The way I'm understanding the 6th lvl Illusionist ability, it basically means that if you cast an illusion spell, you can "recast" it, with the only limit being that you still use the original duration. For instance, it would allow you to change a Silent Image without moving the image anywhere, or it would allow you to change the target of an Invisibility spell as long as the spell hasn't ended.

Am I reading this ability wrong? Are the other 6th lvl abilities really that much better than the illusionists? Is my ruling really gimping Minor Illusion past the point of usefulness?

MaxWilson
2016-05-09, 07:45 PM
Are you kidding? The 6th level ability is the whole reason I'd consider taking illusionist in the first place. I'll mention just two applications out of dozens:

(1) Turn your whole party into at-will shapeshifters for 8 hours with Seeming. If you thought Mystique was cool in X-Men... now everybody in the party changes their whole appearance whenever you concentrate briefly. (You can do this to yourself with Disguise Self, too.)

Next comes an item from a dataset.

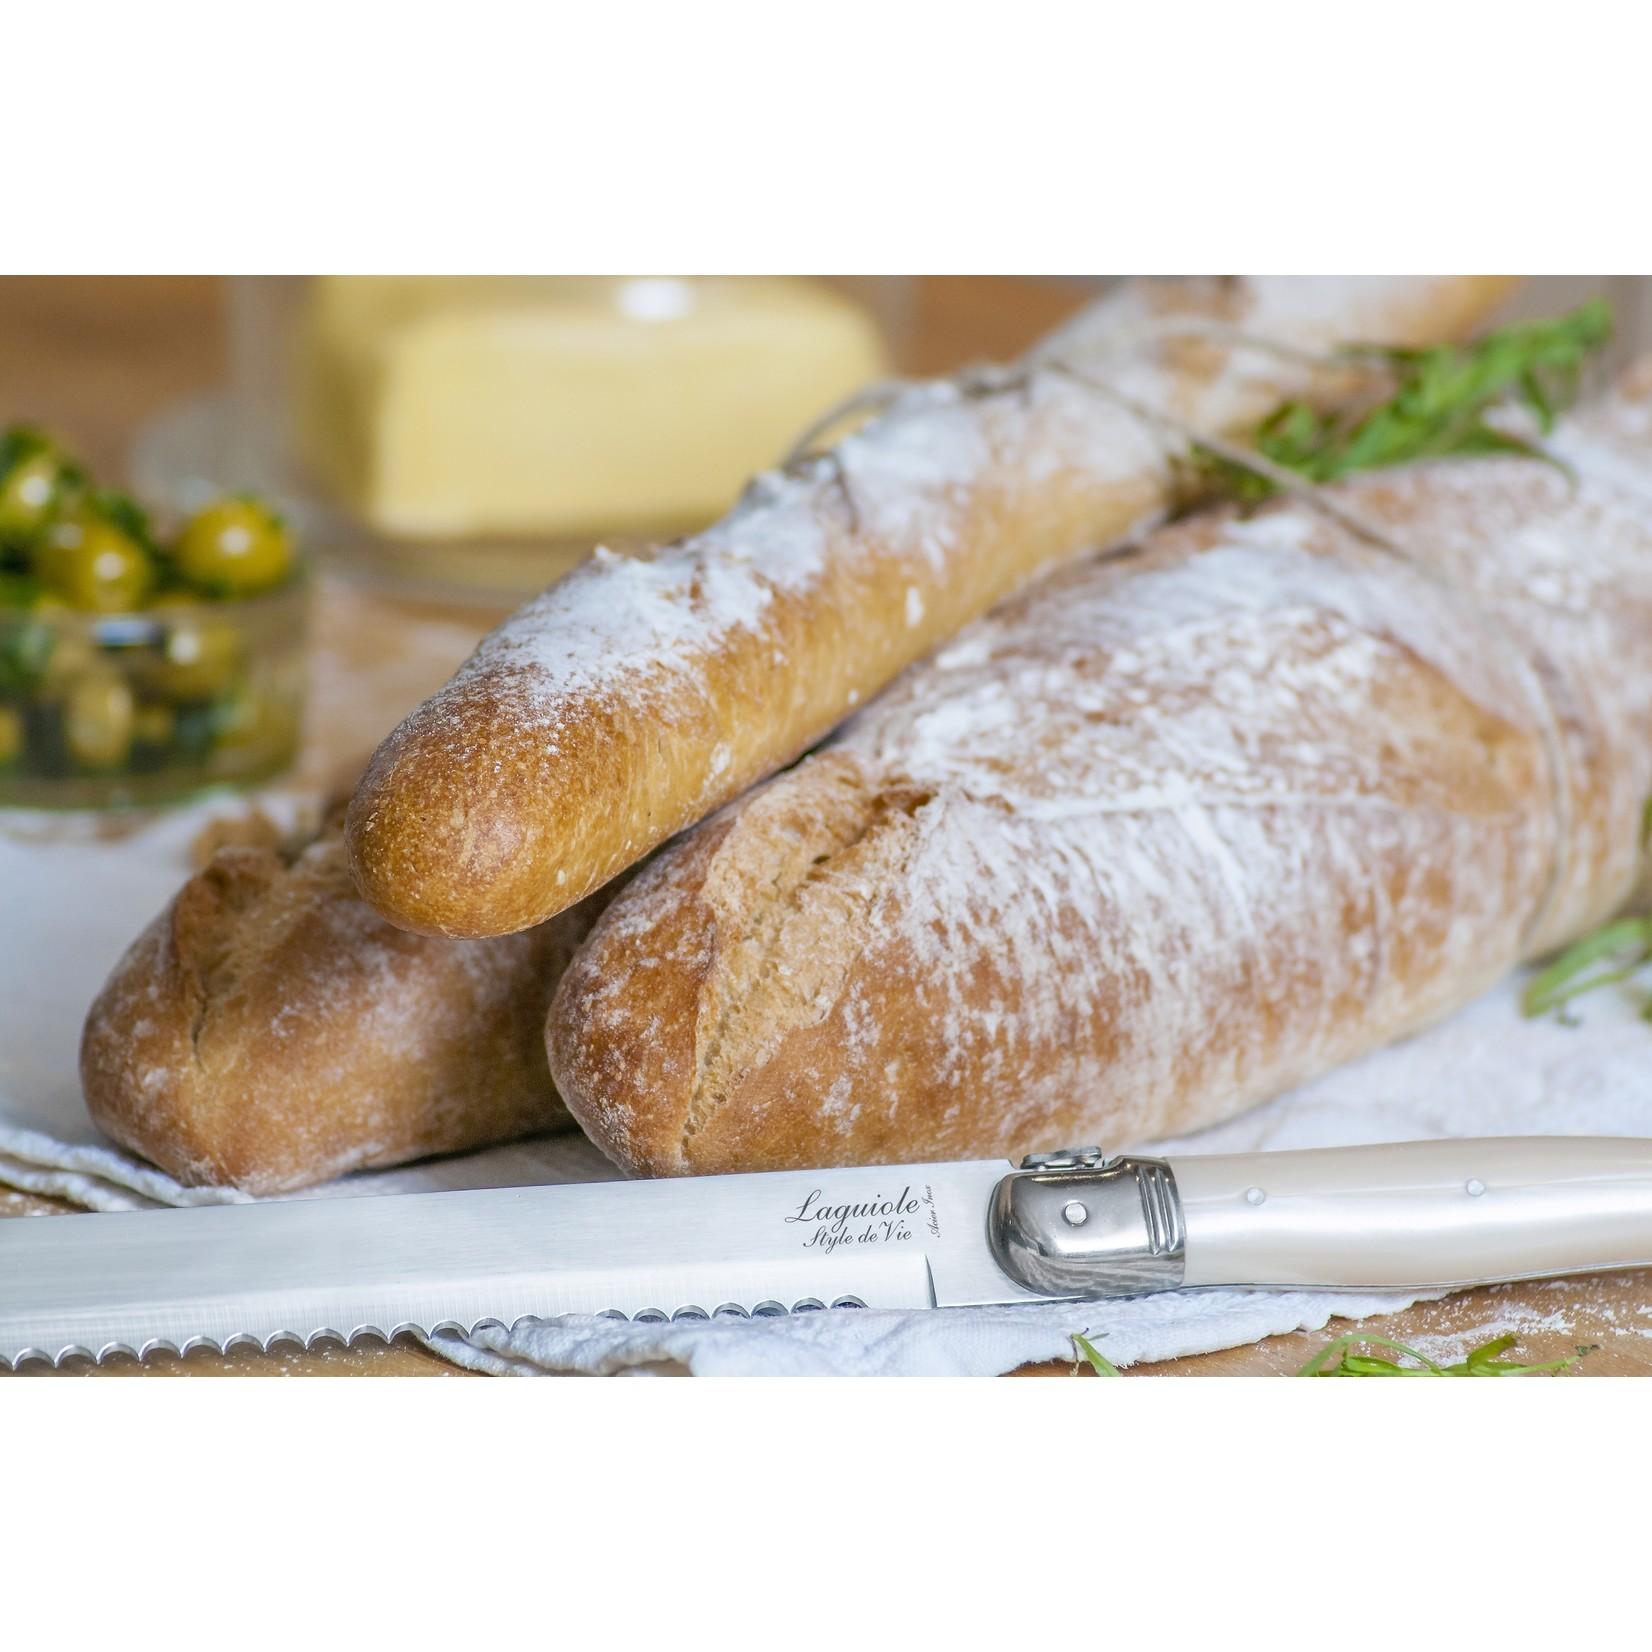 Laguiole Style de Vie Laguiole Style de Vie Premium Line broodmes parelmoer met plank

(2) Project Image lets you conduct risk-free scouting and teleport at-will within your line of sight or to any location you have seen before (out to 500 miles). All you have to do is concentrate briefly and poof, you just change the parameters of the spell, which in this case means the location.

Other interesting illusion spells include Major Image VI, Creation, Programmed Image, Magic Mouth, Mirage Arcane, and Simulacrum.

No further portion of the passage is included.